Кроме того, в жизни молодежи их квартала существовала опасность. И борьба. Движение. Пора покончить с режимом преступлений, с злоупотреблениями. И тем самым — с нищетой. Дарио и его товарищи не очень ясно представляли себе, как это сделать, но все они чувствовали себя готовыми бороться против тирании. Ребята по-прежнему ходили и в Эппль-клуб, и в «Дос-Эрманас», и в дом Марины, где женщины стоили три песо и можно было выбирать их по альбому с фотографиями, но потом отправлялись на площадь Карлоса Третьего, заказывали китайский суп с пережаренным рисом и ждали каких-нибудь вестей или поручений от Движения. Отошли в прошлое вечеринки, оканчивавшиеся дракой, никто больше не бросался бутылками во «врагов» — ребят из соседнего квартала, никто не напивался пивом «Ла Кристаль» — теперь нужна свежая голова. Все мы товарищи, заговорщики, революционеры. Борьба и тайна сроднили нас.

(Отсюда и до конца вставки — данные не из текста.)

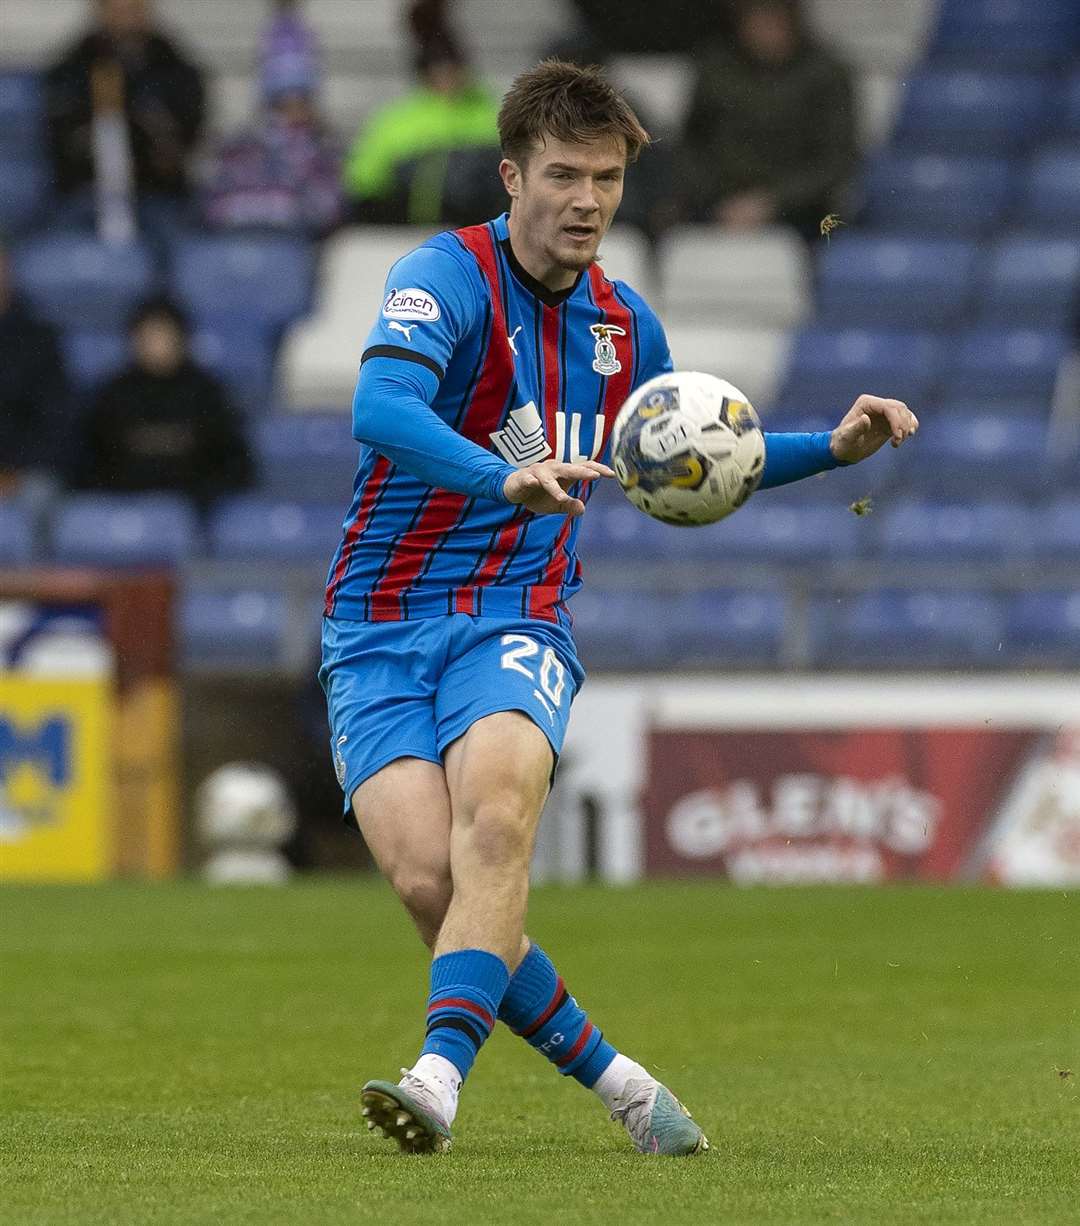 Morgan Boyes has been a key part of the Caley Thistle side since signing on loan. Picture: Ken Macpherson
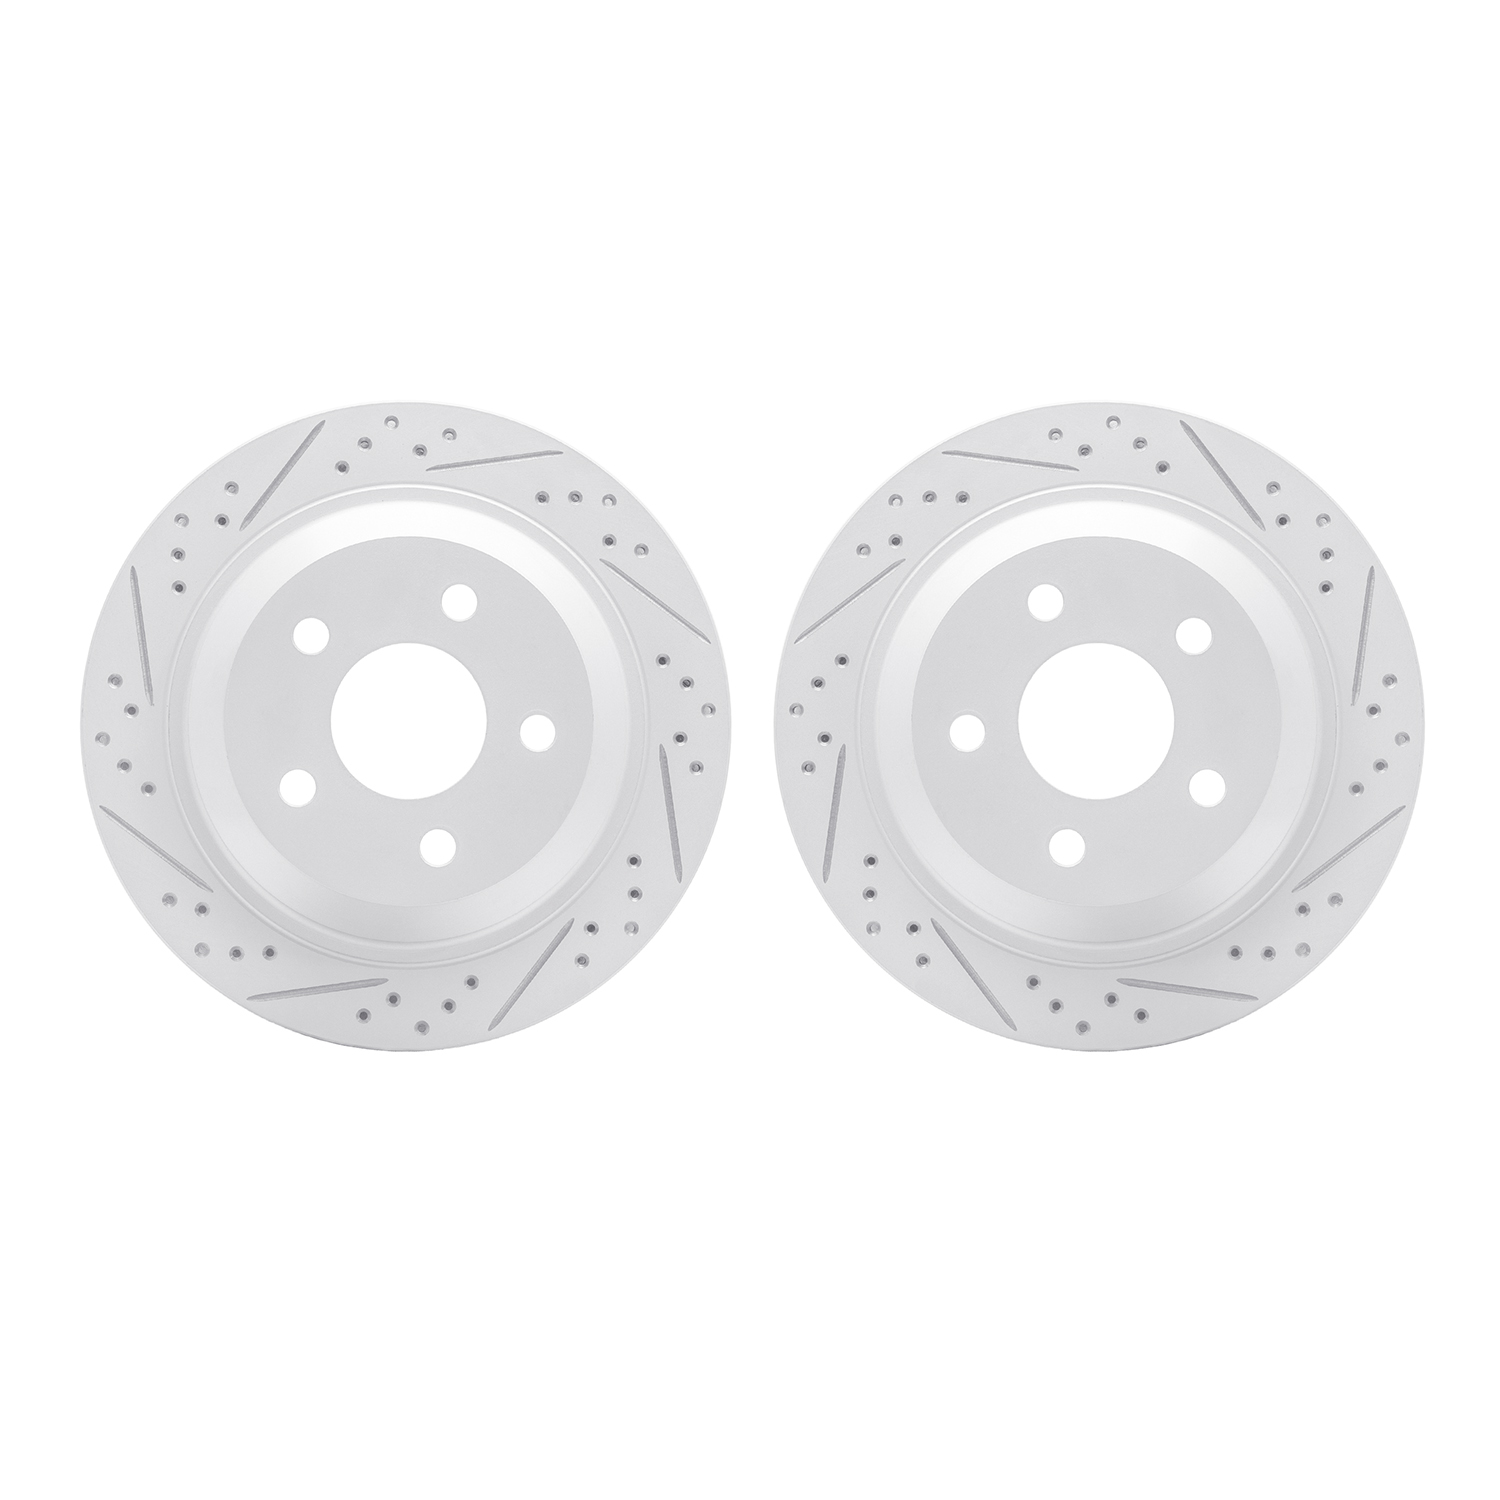 2002-52014 Geoperformance Drilled/Slotted Brake Rotors, 1998-2002 GM, Position: Rear

И вот рано утром, не в первый уже раз, в тот час, когда по пустым улицам дребезжат старые грузовики с молоком категории А и категории Б, что, впрочем, совершенно одно и то же (отличие только в количестве подлитой воды), когда в пустых ночных автобусах дремлют кондукторы, из булочных пахнет свежим хлебом — такой теплый, домашний запах, — кошки, собаки и оборванцы роются в мусорных баках; в широких порталах шикарных магазинов спят, прикрывшись старыми газетами, бездомные дети, а на углу вспыхивает и гаснет неоновая реклама «Все по 10 центов»; в барах умолкли проигрыватели, в запертых кафе стулья стоят вверх ножками на столах, и какого-то пьянчугу рвет прямо посреди улицы Драконов; в час, когда люди тревожно дремлют (будет день — будет хлеб, по и новый день — такой же, как вчерашний), когда неполная луна — не голубая и не белая, потому что все вокруг кажется серым и странным, в этот час Дарио — сердце его бешено колотилось под мокрой от пота рубашкой — швырнул гранату и бросился бежать. Он слышал за собой взрыв и все бежал, потом — вой сирены, возгласы, а он все бежал, бежал… Его не поймали.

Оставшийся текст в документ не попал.